Ç'aurait dû être un vrai jour de gloire. Jour de gloire où l'on verrait un président élu transmettre, pour la première fois, le pouvoir à son successeur élu. Depuis l'accession à l'indépendance de ce qui était jadis le Congo - Léopoldville puis le Zaïre -, la dévolution du pouvoir s'était toujours faite par les armes.

En 1965 Joseph Désiré Mobutu, alors chef d'état-major, renverse le président Joseph Kasa Vubu. Suivront trois décennies de règne implacable et sans partage de Mobutu Sese Seko Kuku Ngbendu wa Za Banga, l'homme à la toque de léopard et au bâton de maréchal. Affaibli et malade, en 1997 Mobutu sera à son tour chassé du pouvoir et de son pays par l'Alliance des forces démocratiques pour la libération du Congo (AFDL), la rébellion menée par Laurent Désiré Kabila.

Quatre ans plus tard, ce dernier, surnommé le M'Zee, est assassiné par un de ses gardes du corps lors d'une révolution de palais. Et c'est son fils Joseph qui héritera du fauteuil présidentiel. Et le voilà, 18 ans après, qui passe le témoin à son successeur, Félix Tshisekedi, le cinquième président du Congo indépendant, mais cette fois sans le moindre coup de feu.

Le vainqueur de la présidentielle de décembre 2018 doit en effet prêter serment aujourd'hui en présence d'une quinzaine de chefs d'Etat, tous africains, avec cependant de grands absents comme le Rwandais Paul Kagame qui, en plus d'être un voisin, assure la présidence en exercice de l'Union africaine.

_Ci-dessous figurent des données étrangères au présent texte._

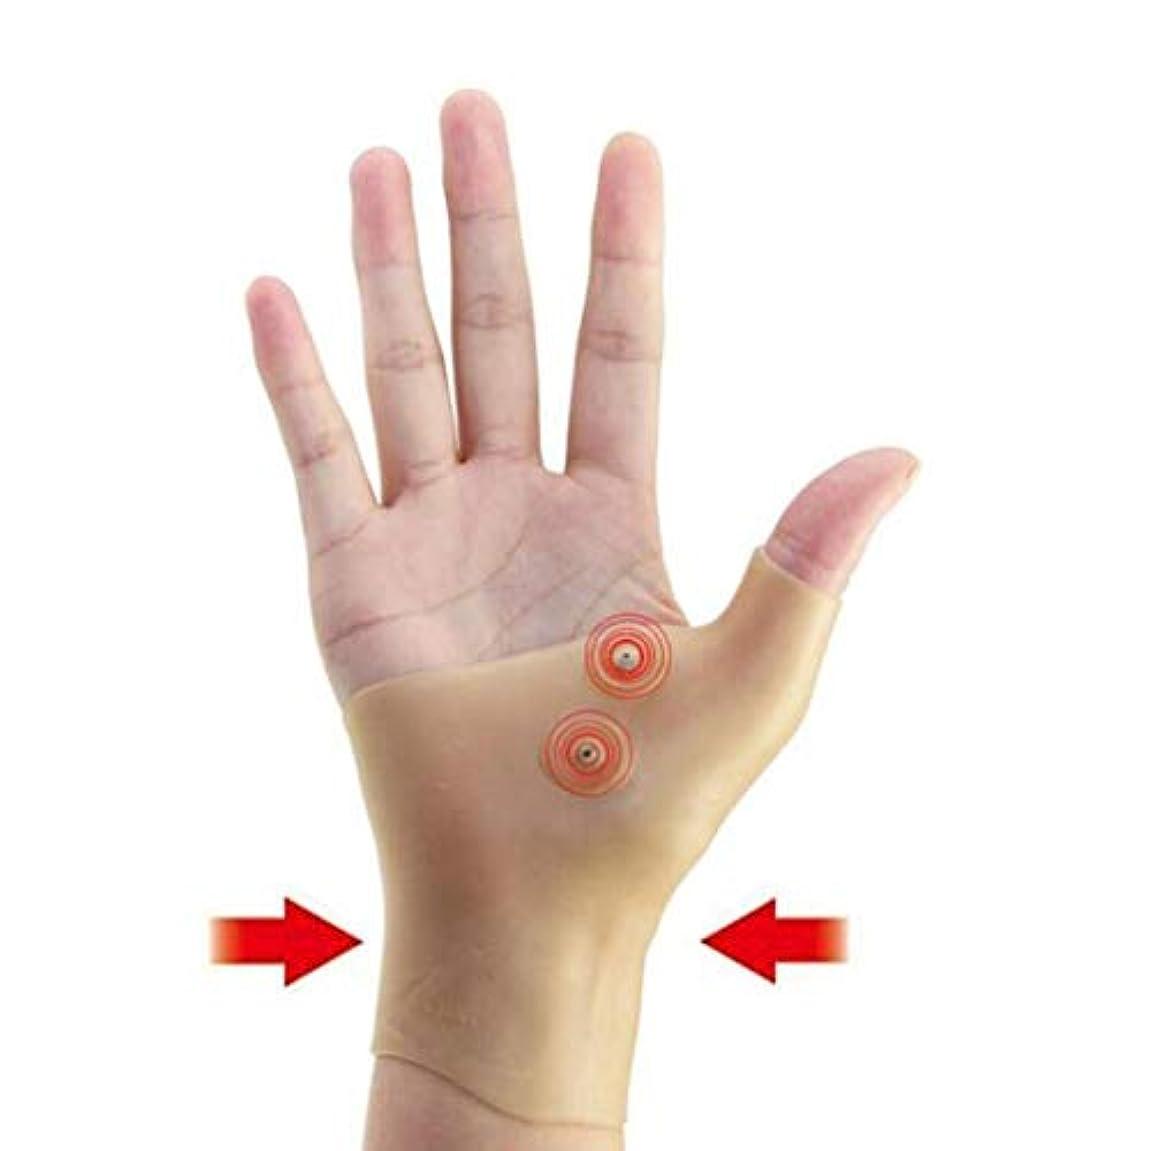 ワームセール健康的磁気療法手首手親指サポート手袋シリコーンゲル関節炎圧力矯正器マッサージ痛み緩和手袋 - 肌の色

Il a eu l'outrecuidance de critiquer les conditions dans lesquelles le fils d'Etienne Tshisekedi a été élu.

Cette transmission du pouvoir entre fils de... devrait donc être marquée d'une pierre blanche. Hélas ! C'est un jour de honte, surtout quand on sait dans quelles conditions la CENI d'abord, la Cour constitutionnelle ensuite ont décrété la victoire de celui qui, en réalité, n'a pas gagné le scrutin puisque tout porte à croire que c'est Martin Fayulu qui en est le véritable vainqueur. Un vainqueur floué au moyen d'un hold-up électoral digne d'une république bananière et passé par pertes et profits par l'Union africaine, l'Union européenne et les Etats-Unis, c'est-à-dire ceux-là mêmes qui avaient émis de sérieux doutes sur la sincérité du scrutin.

La cérémonie d'aujourd'hui va donc consacrer un braquage électoral qui peut constituer un précédent dangereux pour toutes les démocratures du continent. On comprend d'ailleurs que la Conférence épiscopale nationale du Congo (CENCO), qui avait été la première à crier au vol, ne veuille pas accorder sa bénédiction à cette investiture à l'allure de forfaiture.

On ne sait d'ailleurs pas si le discours que petit Kabila a adressé hier à la nation était un message d'adieu ou un simple au revoir ; car en installant le plus accommodant de ses opposants, il espère que, le temps d'un quinquennat, ce Medvedev africain se contentera de garder le trône au chaud pendant que lui pourra toujours tirer les ficelles en coulisses.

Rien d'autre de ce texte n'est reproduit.